I also argue that tort law, the traditional legal mechanism for internalizing externalities, is not as effective in the shadow-banking context. To win a tort lawsuit, injured third parties normally must show their harm to be a causal and foreseeable consequence of the firm’s actions. Third parties injured by systemic harm caused by the firm’s actions would be unlikely to be able to show that, however. Systemic harm can affect a wide range of third parties in unpredictable ways, such as an individual who is forced to close her family-owned restaurant during a systemically caused recession. Nor is it likely that changing the causation-and-foreseeability standard to enable third parties to win those lawsuits would be an efficient solution. At the very least, courts would face a line-drawing problem and would be forced to make complicated decisions as to what systemic externalities should (or should not) be considered compensable.

Finally, I examine whether and how limited liability should be redesigned, taking into account the traditional justifications for limited liability. Among other things, I argue that any such redesign should ensure that any given investor’s liability would be independent of the liability of other investors. Such an independent-liability redesign might, for example, include double liability. He also argues that imposing additional liability only on investor-managers—and perhaps only on investor-managers with the power to “control” the firm—should be more consistent with the traditional fairness justification.

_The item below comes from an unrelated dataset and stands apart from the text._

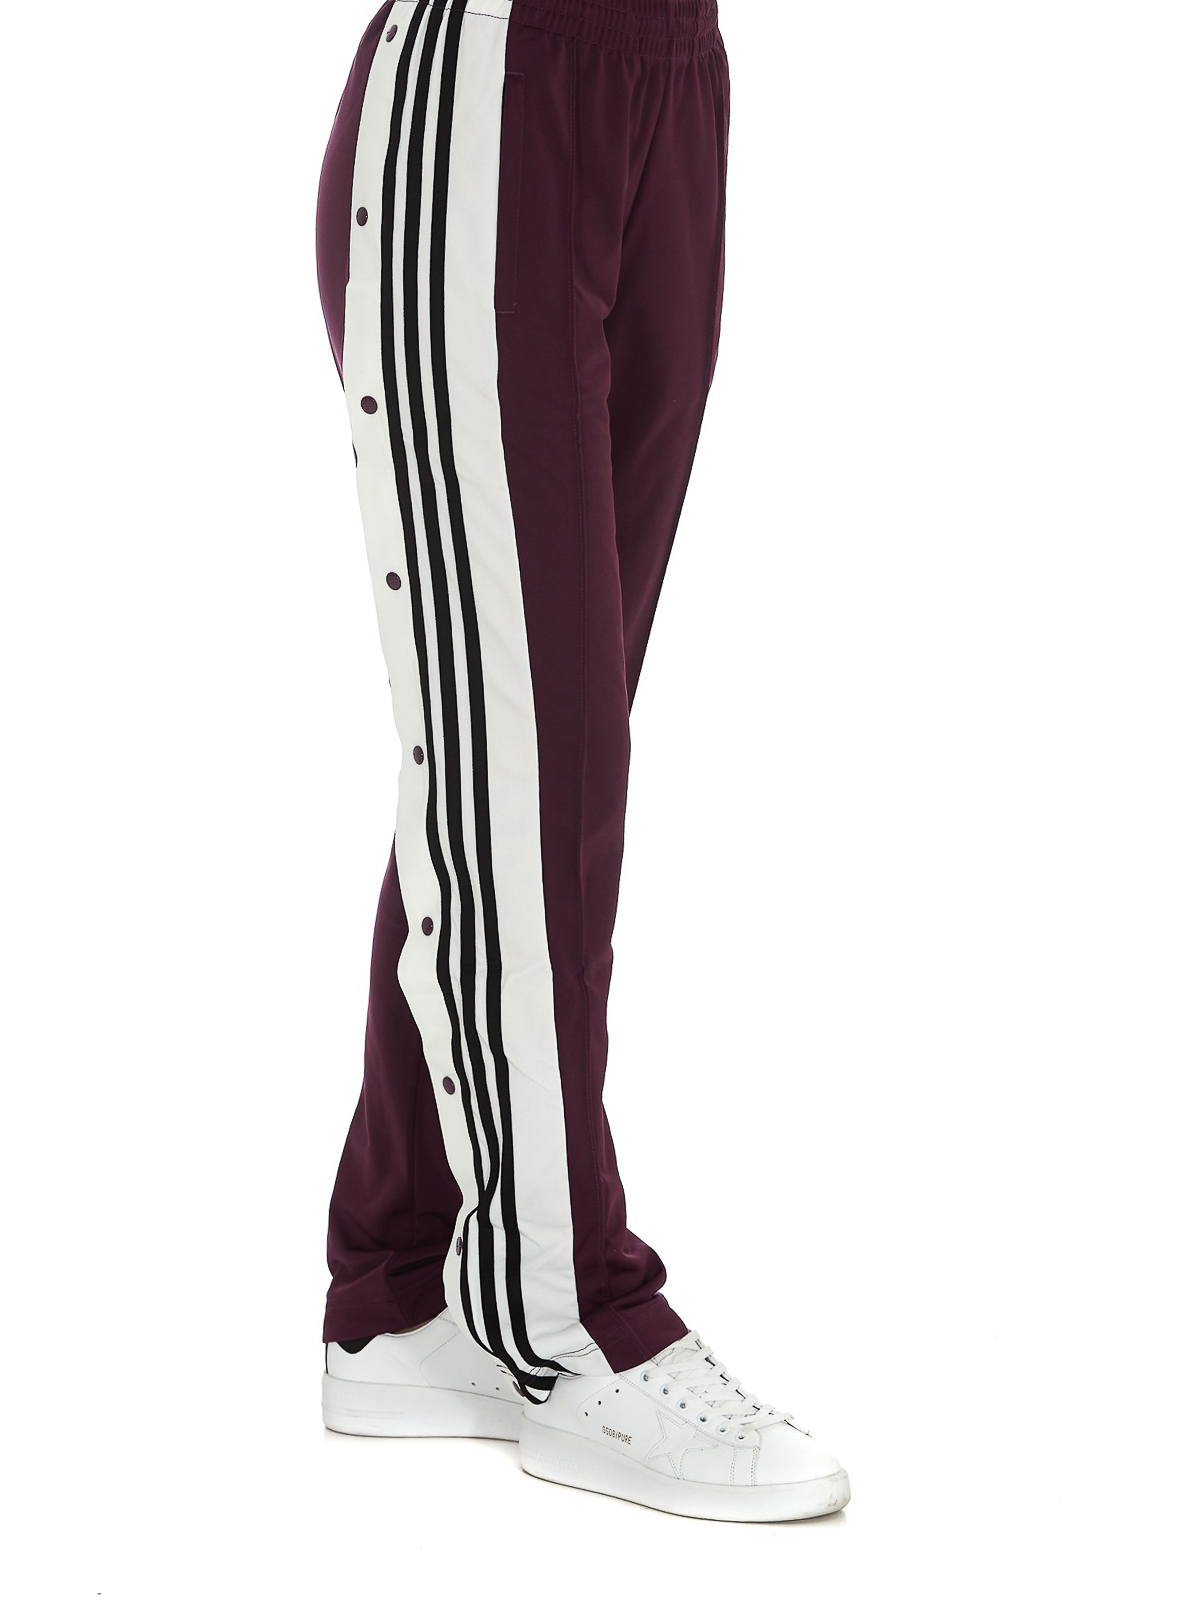 Tracksuit bottoms - Girls Are Awesome tracksuit bottoms - GU6973
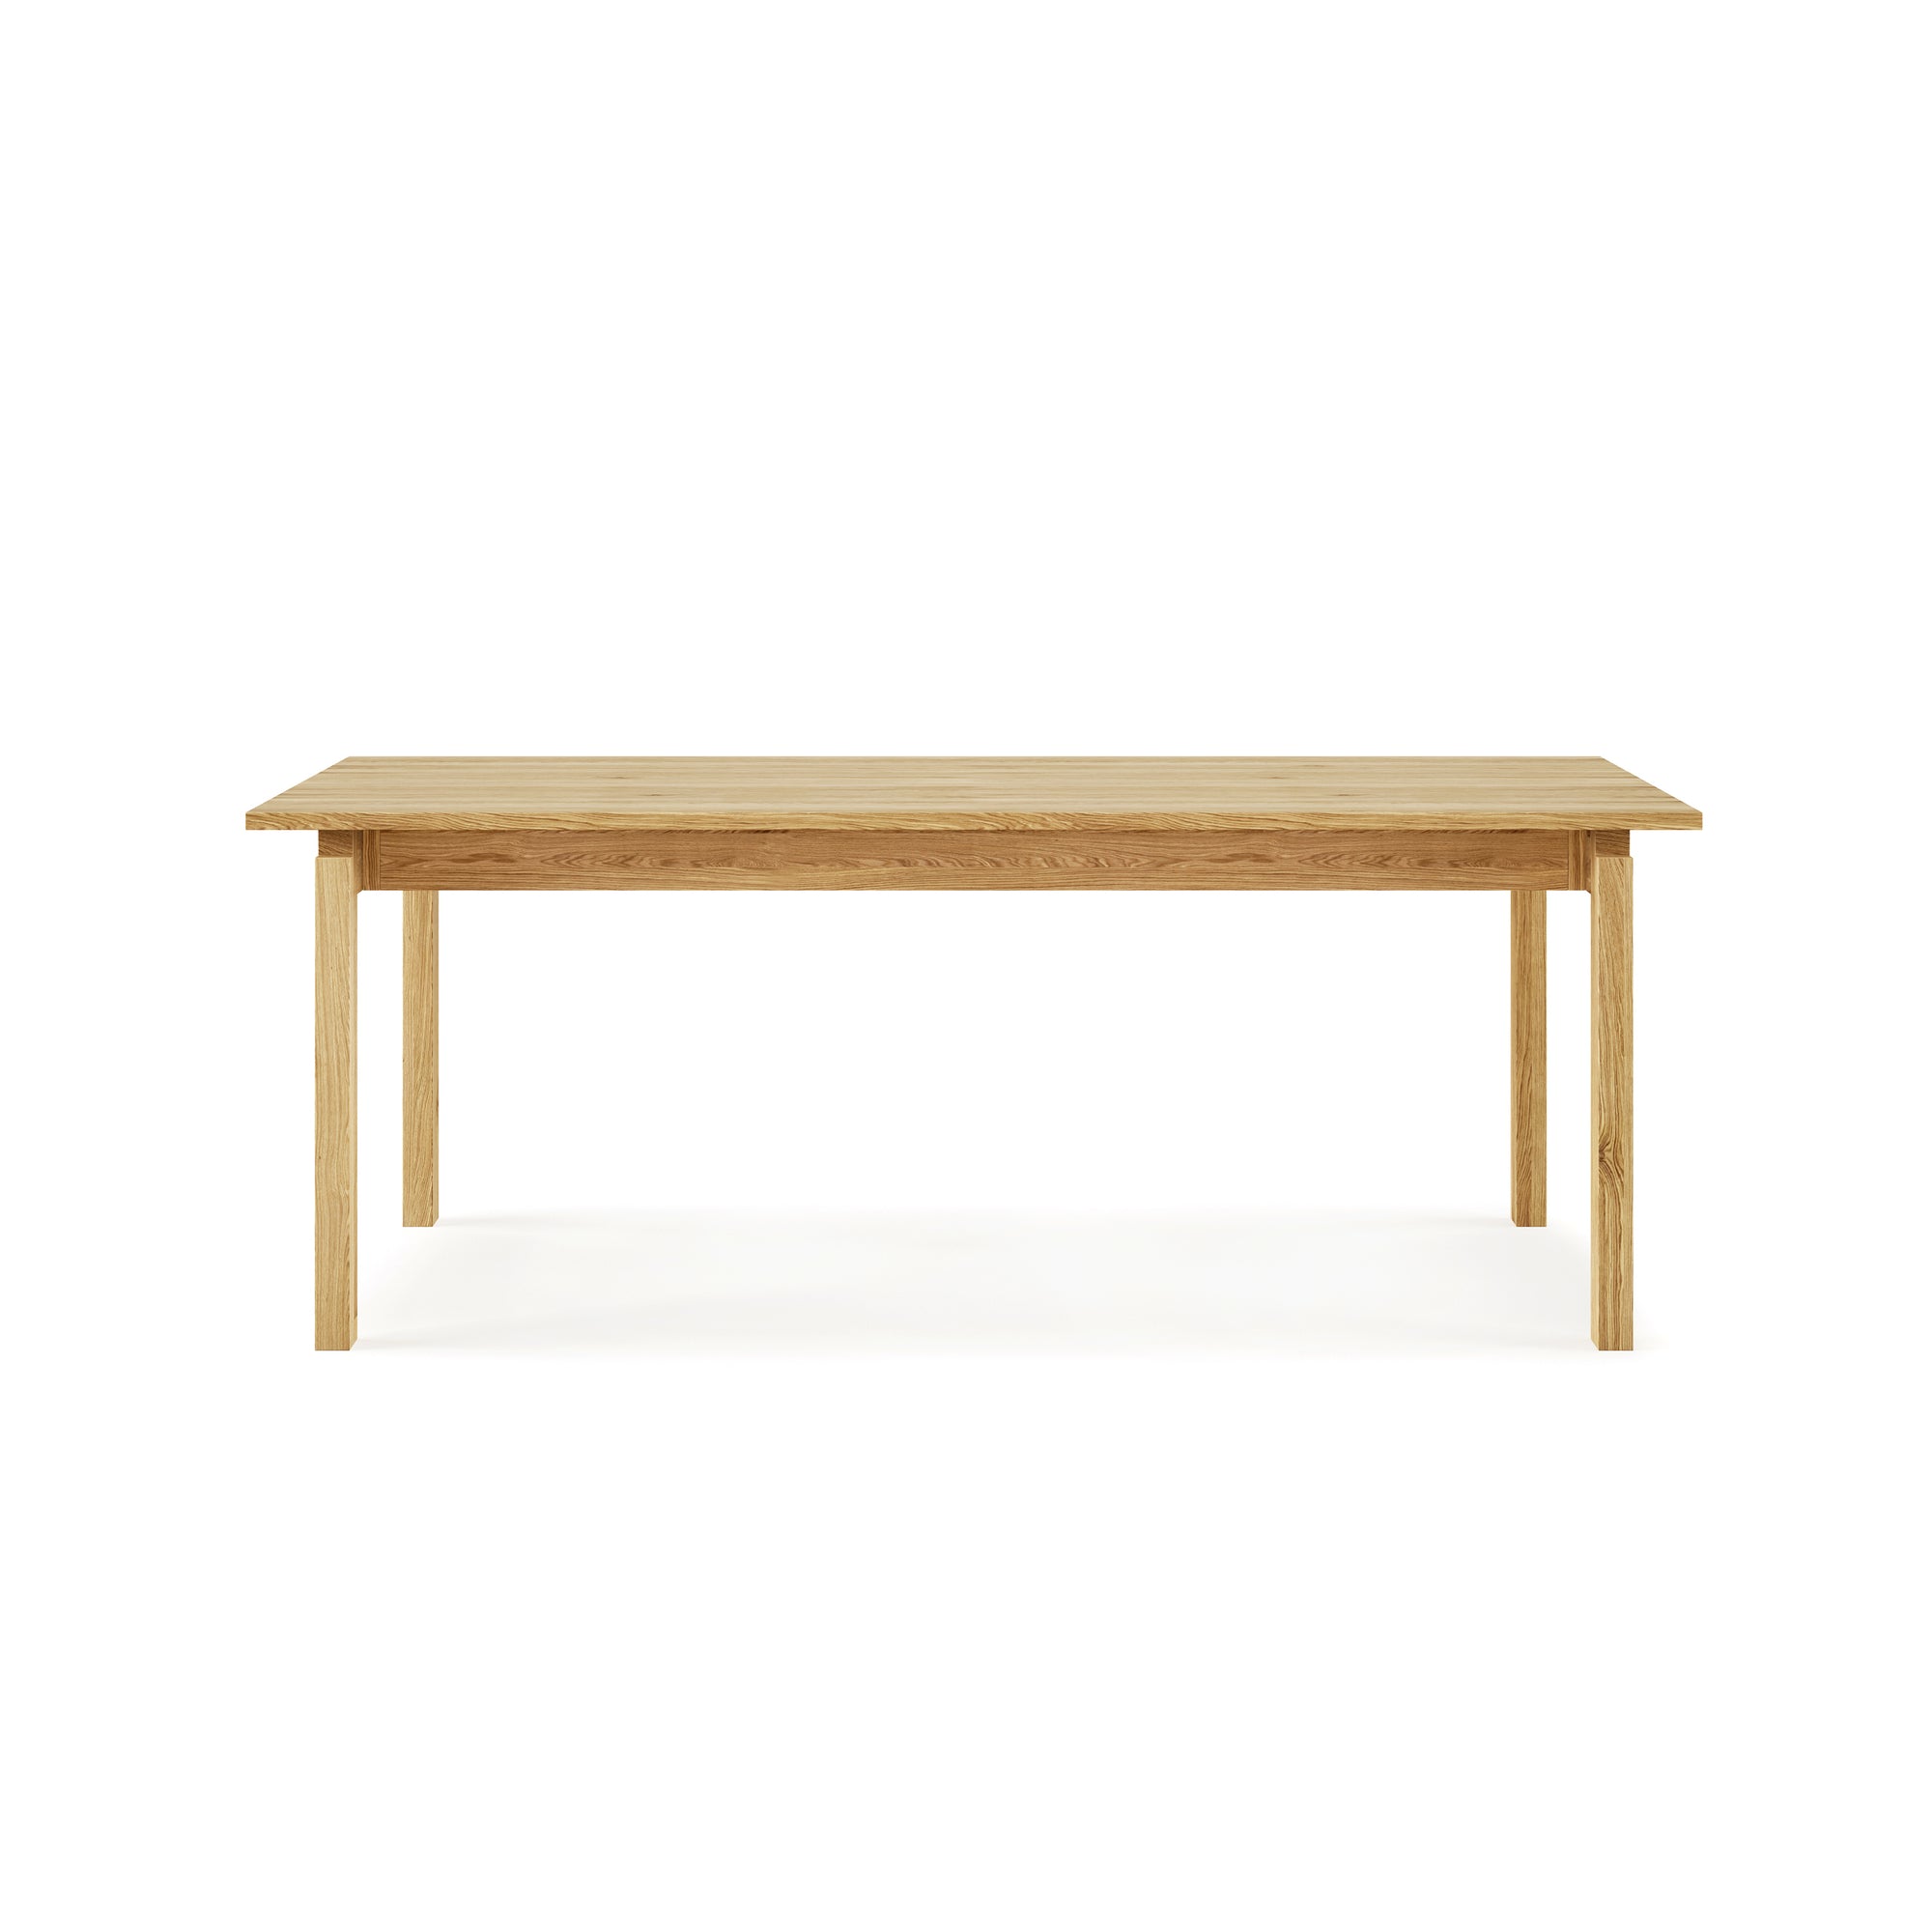 Gus* Modern Annex Extendable Dining Table

Regardless of how limited liability is redesigned, it still faces the dilemma that investor-managers would have relatively little incentive to monitor and guard against their firm’s potential to trigger systemic risk if tort law bars third parties injured by systemic harm from recovering damages therefor. A possible solution to this dilemma would be to couple any increase in limited liability with a privatized systemic risk fund—which would be used to mitigate systemic harm—into which systemically risky shadow-banking firms would be required to contribute. Privatizing the funding would help to reduce a shadow-banking firm’s incentive to create systemic externalities by engaging in financially risky activities; indeed, the likelihood that firms will have to make additional contributions to the fund to replenish bailout monies should motivate them to monitor each other and help control each other’s risky behavior. Making investor-managers personally liable for all or a portion of their firm’s insufficient capital to make initial or additional fund contributions would likewise motivate them to monitor and help control their firm’s systemically risky behavior.